ISM reports a mild rebound in June manufacturing data
July 01, 2013
Following a month which saw its lowest levels since June 2009 and its first contraction since November 2012, manufacturing activity in June recovered some of its lost ground, according to the Institute for Supply Management’s monthly Manufacturing ISM Report on Business.
The PMI, the index used by the ISM to measure manufacturing activity—at 50.9 in June was ahead of May’s 49.0 by 1.9 percent and slightly ahead of April’s 50.7. June’s PMI is below the 12-month average of 51.2 and it has been over 50 in six of the last seven months.
Economic activity in the manufacturing sector had expanded for 34 straight months prior to contraction in June 2012, and overall economic activity has now expanded for 49 straight months and five times in the first six months of 2013, according to ISM.
New Orders, which are often referred to as the engine that drives manufacturing, recovered from a 3.5 percent drop in May with a 3.1 percent June gain. Production also saw a nice recovery, recovering from May’s 4.9 percent dip with a 4.8 percent increase. May showed contraction for the first time since August 2012 at 48.9 and was only the second time it has contracted since May 2009. Employment was essentially flat, falling 0.1 percent to 50.1. Employment fell 1.4 percent to 48.7.
“I think we are back on track, but the track is one of slow growth and slow improvement in general,” said Bradley J. Holcomb, CPSM, CPSD, chair of the ISM Manufacturing Business Survey Committee, in an interview.
The 3.1 percent increase in New Orders was viewed as welcome news by Holcomb, with gains in orders coming from 11 different industries, according to the report.
And when coupled with the near 5 percent Production pickup, these two metrics, said Holcomb, can be viewed as the two main drivers for June’s PMI increase.
“Looking closely at Production with a 4.8 percent increase, it is to some degree a reflection of working off a little more of the backlog (Backlog of Orders dipped 1.5 percent June to 46.5.) that is always controlled by production management,” explained Holcomb. “Collectively, New Orders and Production are floating this whole boat.”
In the respondent comments section of the report, a fabricated metal products respondent said that while business is steady, qualified CNC machinists are hard to find. Holcomb said this speaks to how, on the manufacturing employment side, certain manufacturing-based skill sets need to be upgraded over time as manufacturing becomes more technological.
He added that this month’s manufacturing number could simply be a brief pause in the long run.
Supplier Deliveries and Inventories both saw gains with Supplier Deliveries up 1.3 percent to 50 and Inventories up 1.5 percent to 50.5.

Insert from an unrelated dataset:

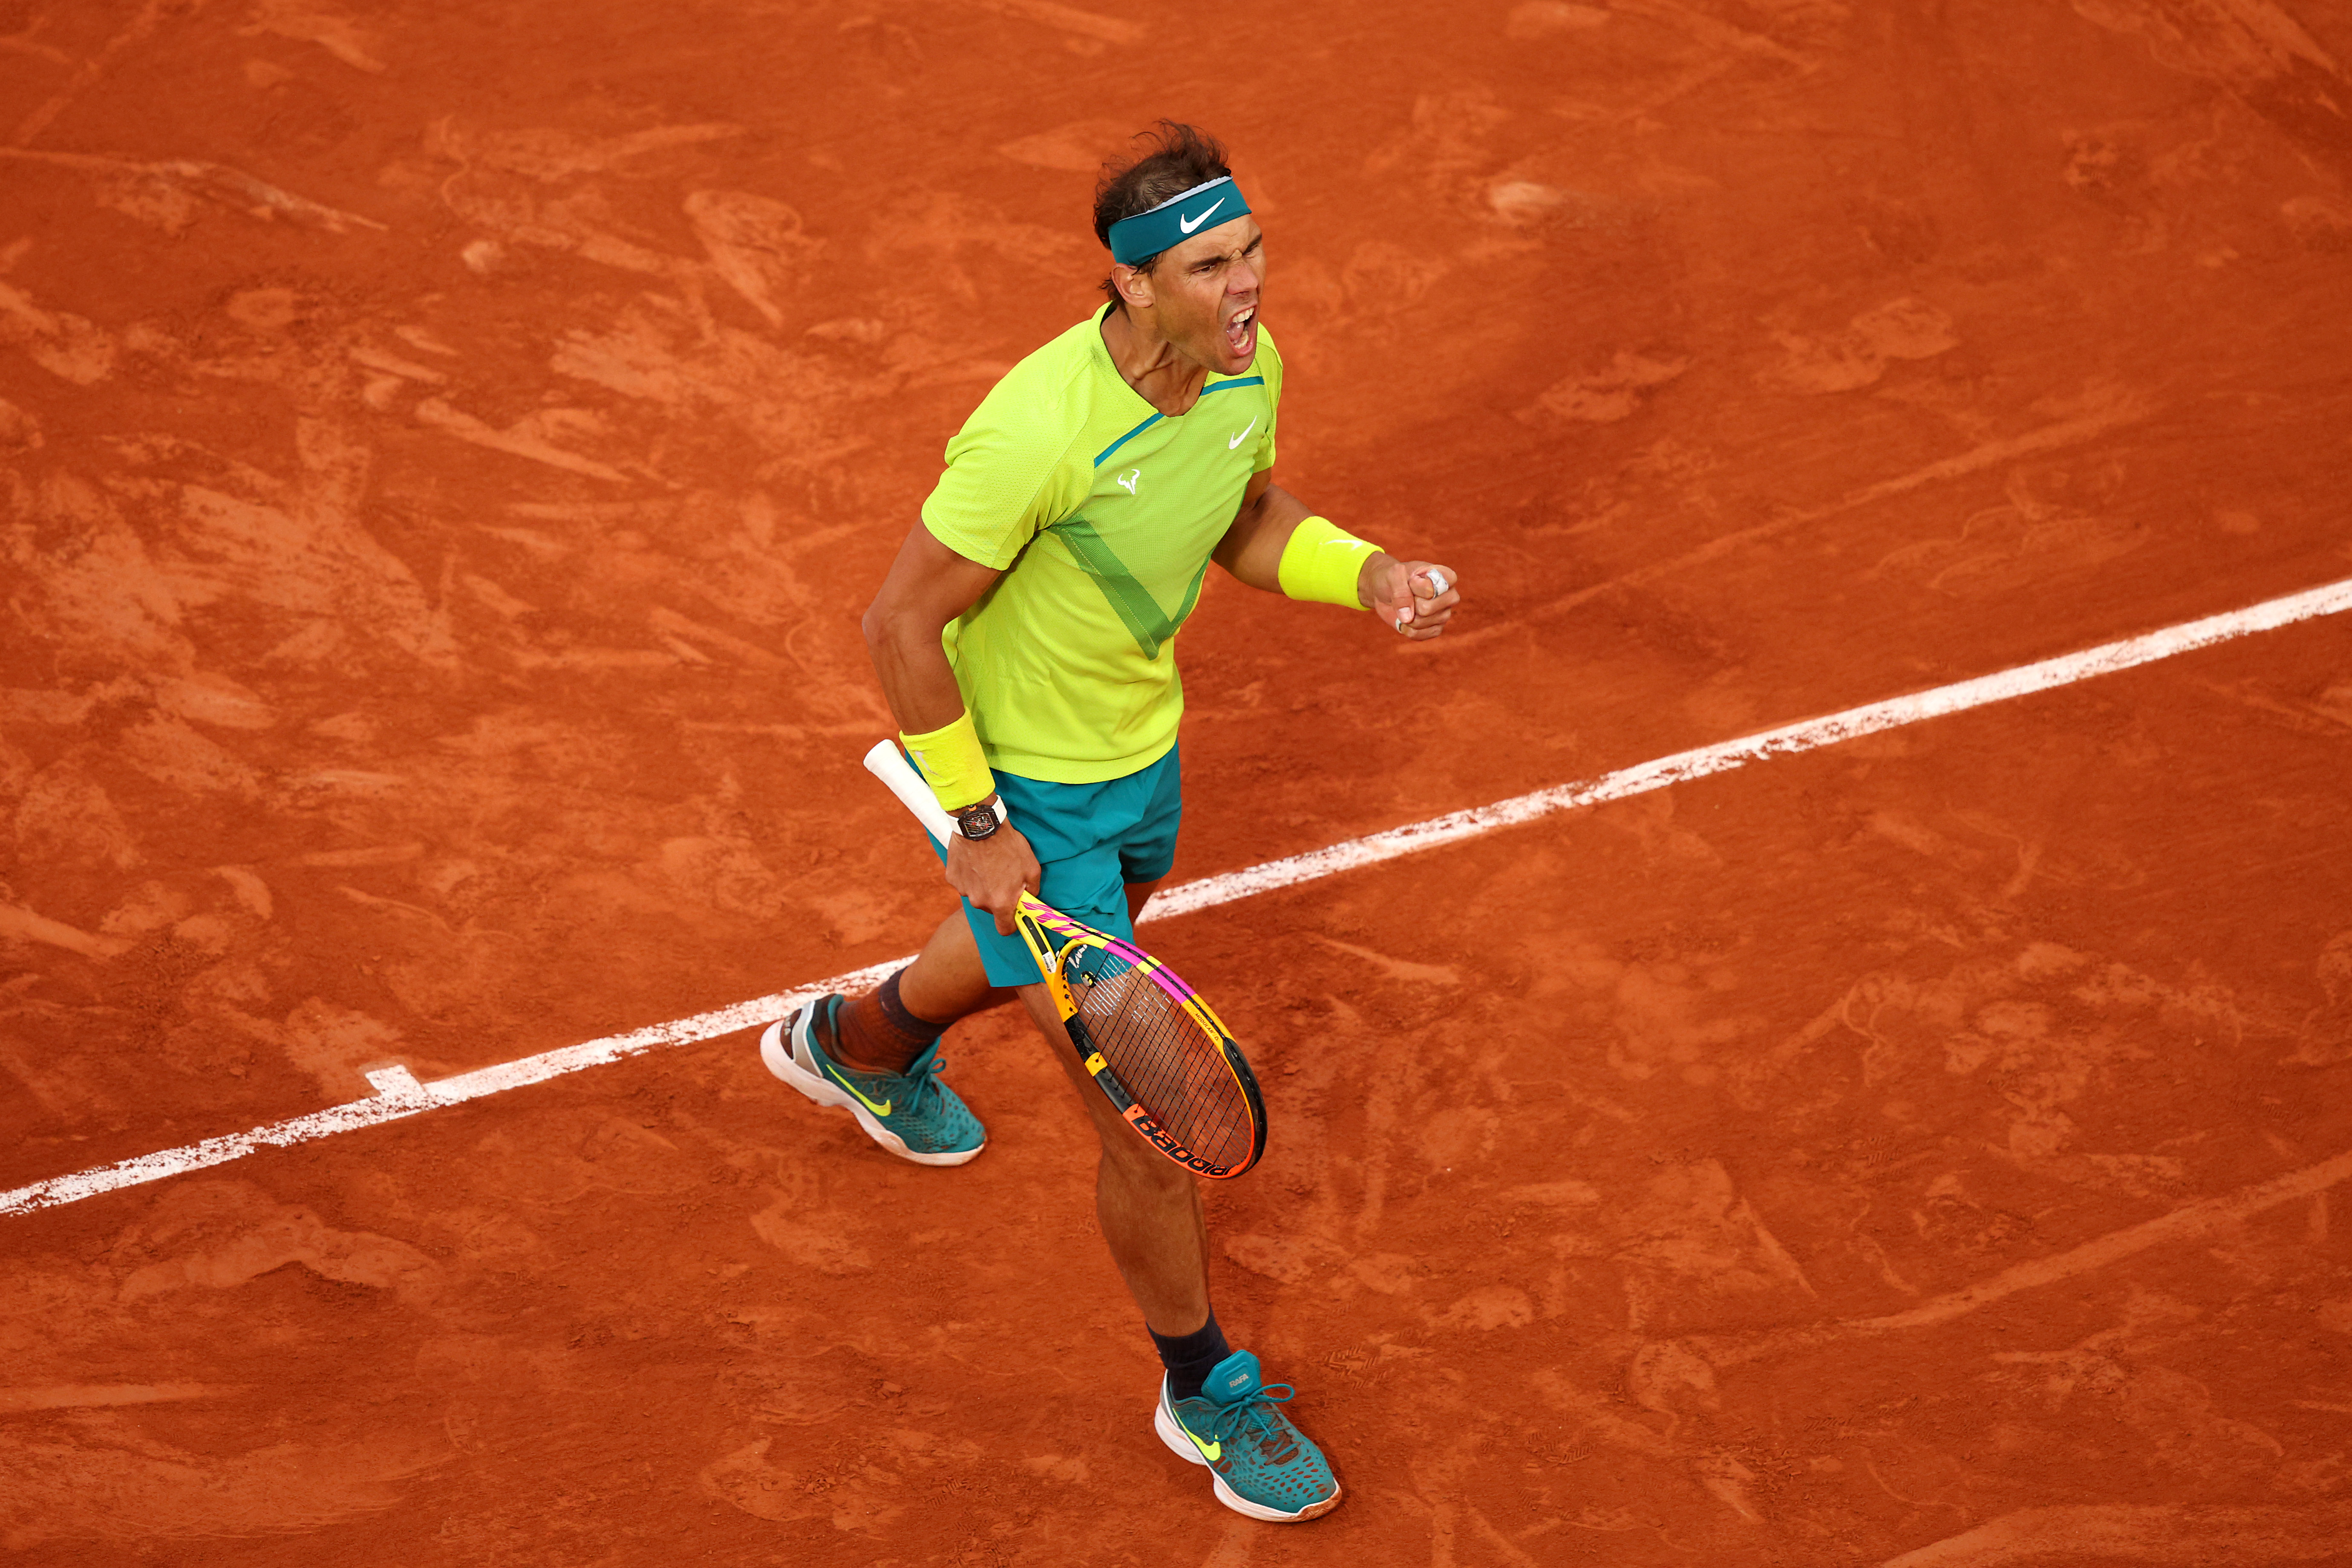 Rafael Nadal wins five-setter against Felix Auger-Aliassime in fourth round of French Open
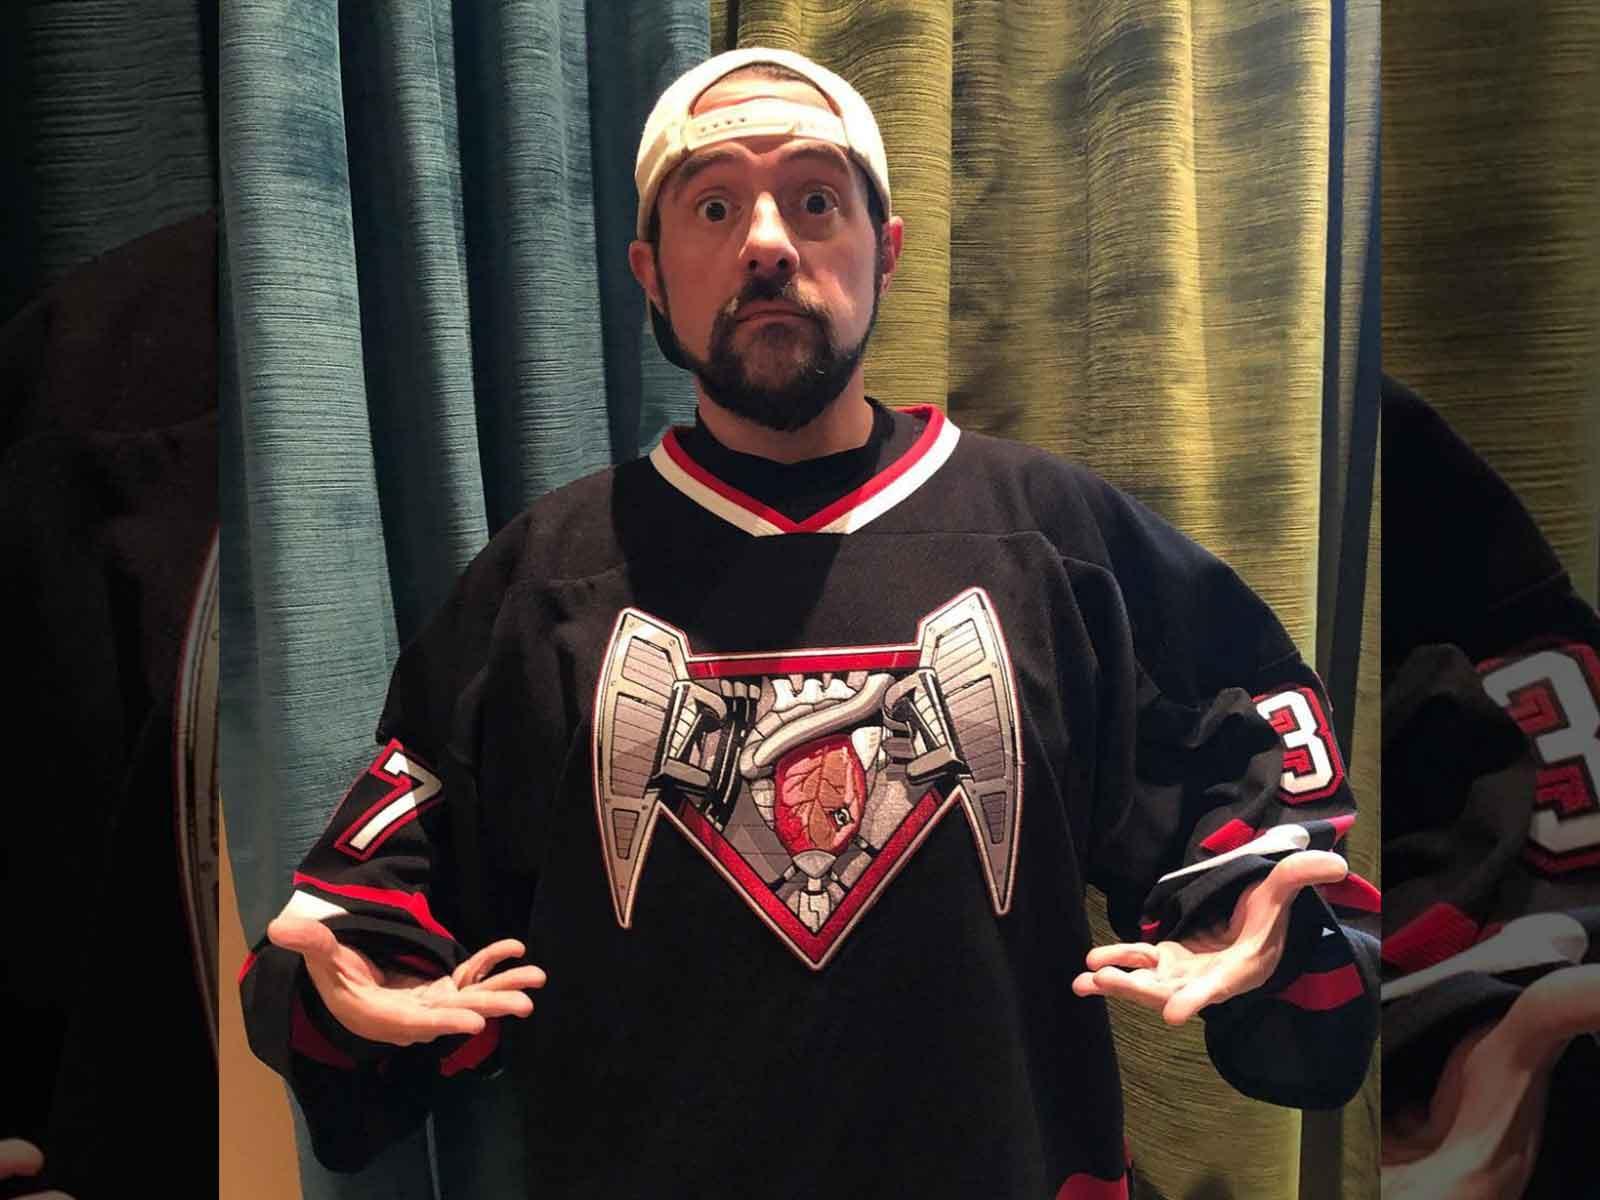 Kevin Smith Down 20 lbs With Penn Jillette’s Magical Diet

“Inventories have operated in a well-managed range this year between 46 percent and 50.5,” he said. “Any time there is a bit of a cautious approach; you see and feel slow growth and slow improvements, with companies doing what they have to have low inventories as a way to control costs and not to get caught with too much inventory in case new orders don’t materialize.”
June Prices rose 3.0 percent to 52.5. When prices go up gently in a controlled fashion, Holcomb said it is a reflection of supply and demand, and the fact that prices were sub-50 last month is not terrible but at the same time Holcomb said a longer-term deflationary trend is not welcome. Instead, stability and mild-control inflation is preferred.
When asked about the overall health of the manufacturing sector compared to a year ago, Holcomb said 2013 started out very similarly to 2012, with June and July showing healthy levels.
“The patterns are pretty similar so far,” he said. “We really are expecting and hoping for a better second half and there is reason to be cautiously optimistic about that, but we thought the same thing last year and the year before. It really is up to a whole lot of things beyond our control, regarding a number of things like the economy, weather, and Europe, among others. There is nothing here to indicate that we won’t have a good second half.”